Como resultado, hay “una absoluta ausencia, prácticamente, de una educación sexual en clave de integralidad y de perspectiva de género”, cuestionó la docente. ¿Qué significa esto? Que el foco sólo se pone en lo reproductivo –con énfasis en la anticoncepción– y queda afuera “todo lo que tiene que ver con lo erótico, con el placer en términos de autocuidado y autoconocimiento”.

Al mismo tiempo, aseguró que en los espacios que habitan las infancias sólo se habla de abuso sexual “cuando nos encontramos frente al hecho”, con “una agencia enormemente diferenciada entre niños y niñas”, y en términos de prevención.
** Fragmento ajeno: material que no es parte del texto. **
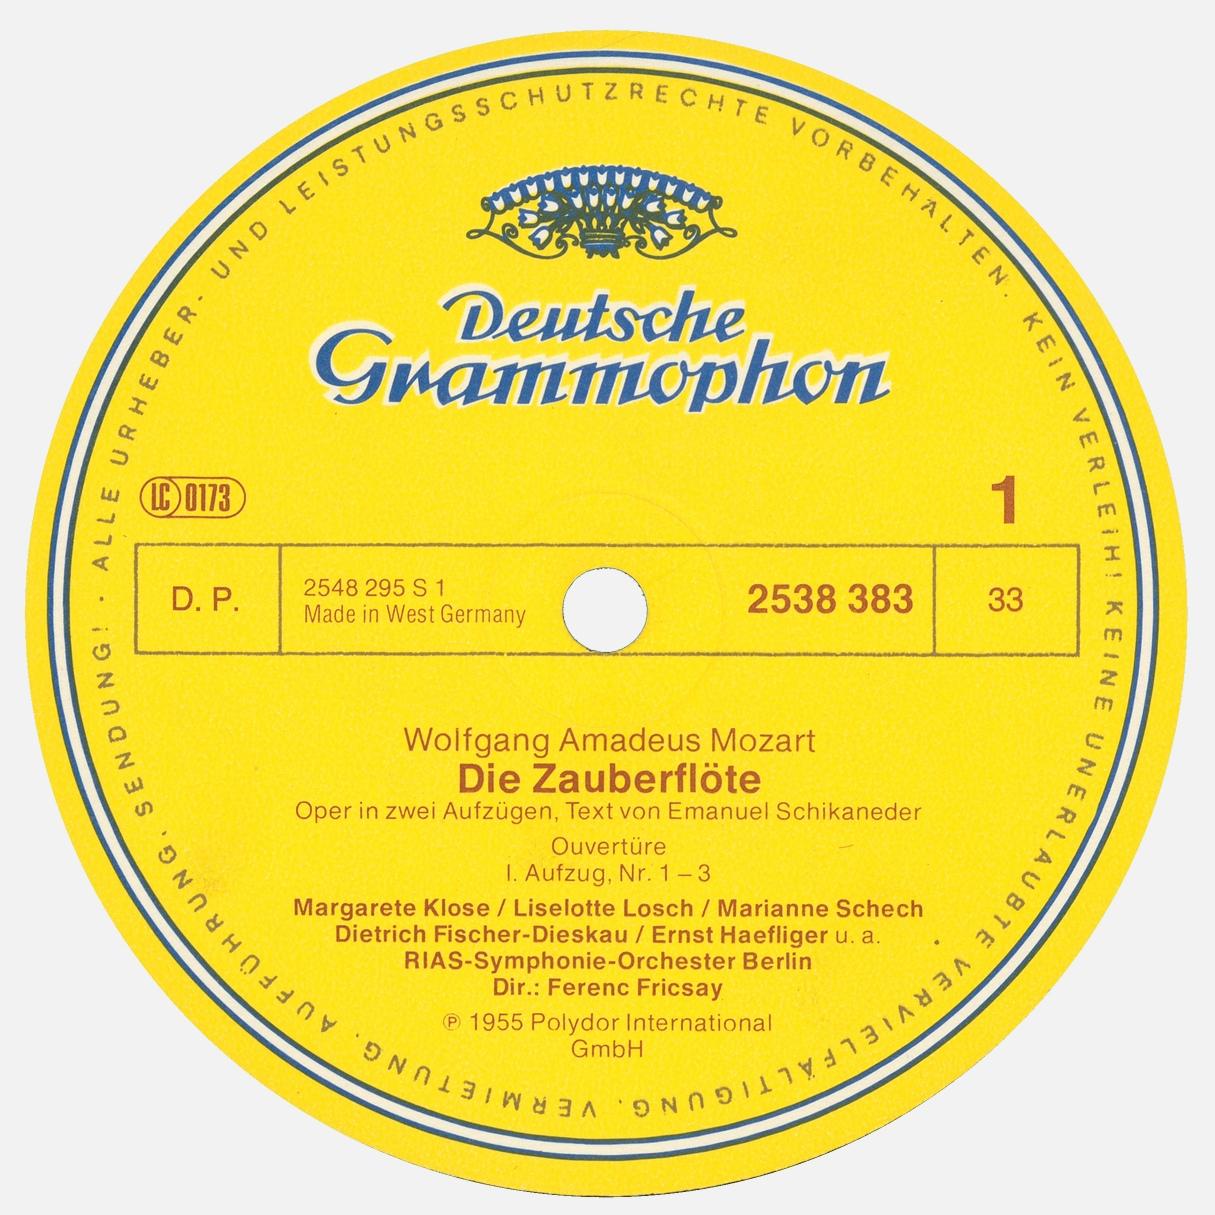 Étiquette recto du disque 2538 383 / 2548 295 S 1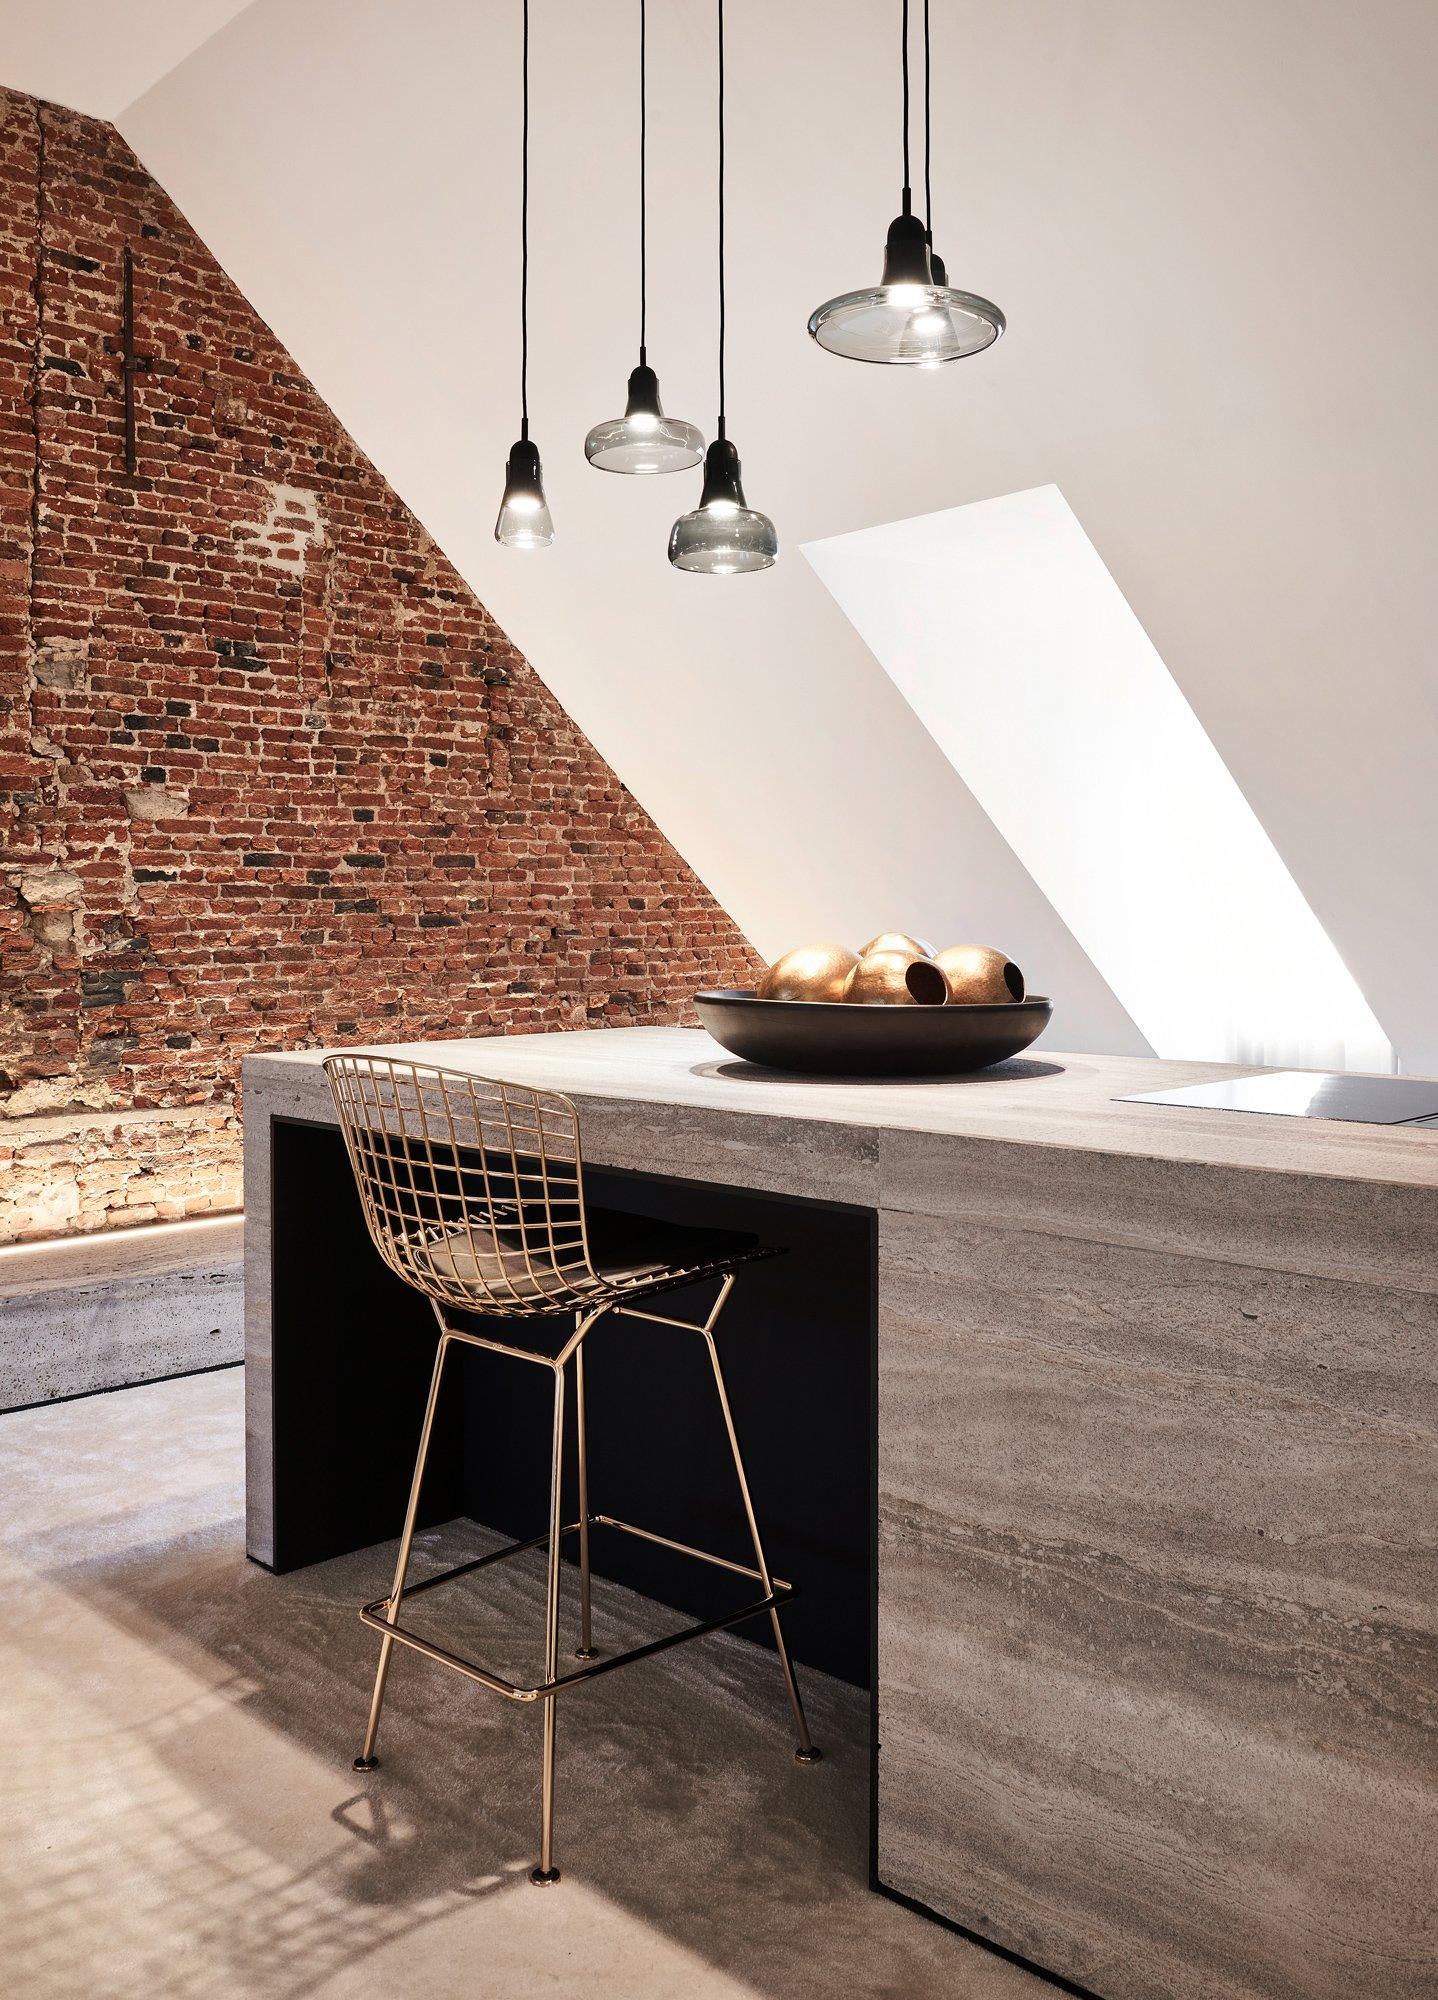 interior design multiple hanging lamps old brick details

Esto, además, en el marco de un relato en el que “el otro victimario es un monstruo que hay que aniquilar” y que, para Martínez, hace que “no haya ámbitos reales y certeros de problematización sobre por qué nos pasa lo que nos pasa, porque estos varones que se juntan y que buscan el ejercicio de la violencia sexual como una práctica de divertimento y de ocio viven en nuestras casas, van a nuestras facultades, son vecinos, van a nuestros comités de base, los encontramos en los boliches”.

Un poco por este lado va Correa cuando apunta que es importante no referirse a estas agresiones grupales como violaciones “en manada”. “Hay que desmitificar esto porque los varones no son animales, no son monstruos, no son enfermos, sino que son varones violadores, que son socializados para creer que pueden disponer de los cuerpos y hasta de las vidas de las mujeres”, dijo la psicóloga, e insistió en que no hay que “patologizar a estos varones, sino que se necesita trabajar en su masculinidad y en las masculinidades en general”.

La prevención

¿Qué es lo que hace falta para fortalecer la prevención de estas situaciones? Para Martínez, la herramienta “central” es la ESI “curricularizada en todos los niveles educativos”. Pero no sólo eso. “También tenemos que tener políticas públicas focalizadas en las masculinidades y que no estén solamente centradas en las prácticas de reparación”, como son, por ejemplo, los programas para varones que ejercen violencia, que a su entender funcionan como “un pequeño parche a una problemática mucho más sistémica”.

El otro problema que implica pensar las políticas contra la violencia sexual desde la reparación es que el abordaje se realiza cuando suceden los hechos y no antes. “Eso, de alguna manera, muestra una matriz cultural y también política que entiende que no es necesaria una agenda preventiva, sostenida, garantista en clave de derechos para todos los seres humanos, sino que hay que trabajar desde el momento en que acontece el hecho”, puntualizó la educadora sexual.

Al mismo tiempo, consideró que hay que romper con la idea “constante y permanente” de que esto es un “tema sexual” –cuando en realidad responde a un crimen de poder– porque eso fortalece el argumento de que “las vivencias sexuales no son tema de los estados, sino que son temas de la intimidad, entonces para qué [como Estado] vamos a invertir recursos en desmontar esto”.

En tanto, Tuana dijo que lo primero es “cuestionar esta sociedad machista y los modelos de masculinidad” que reproduce. En este punto, coincidió en que la ESI aparece como “una de las herramientas más potentes”, aunque dijo que “hay que tener voluntad política para promoverla”.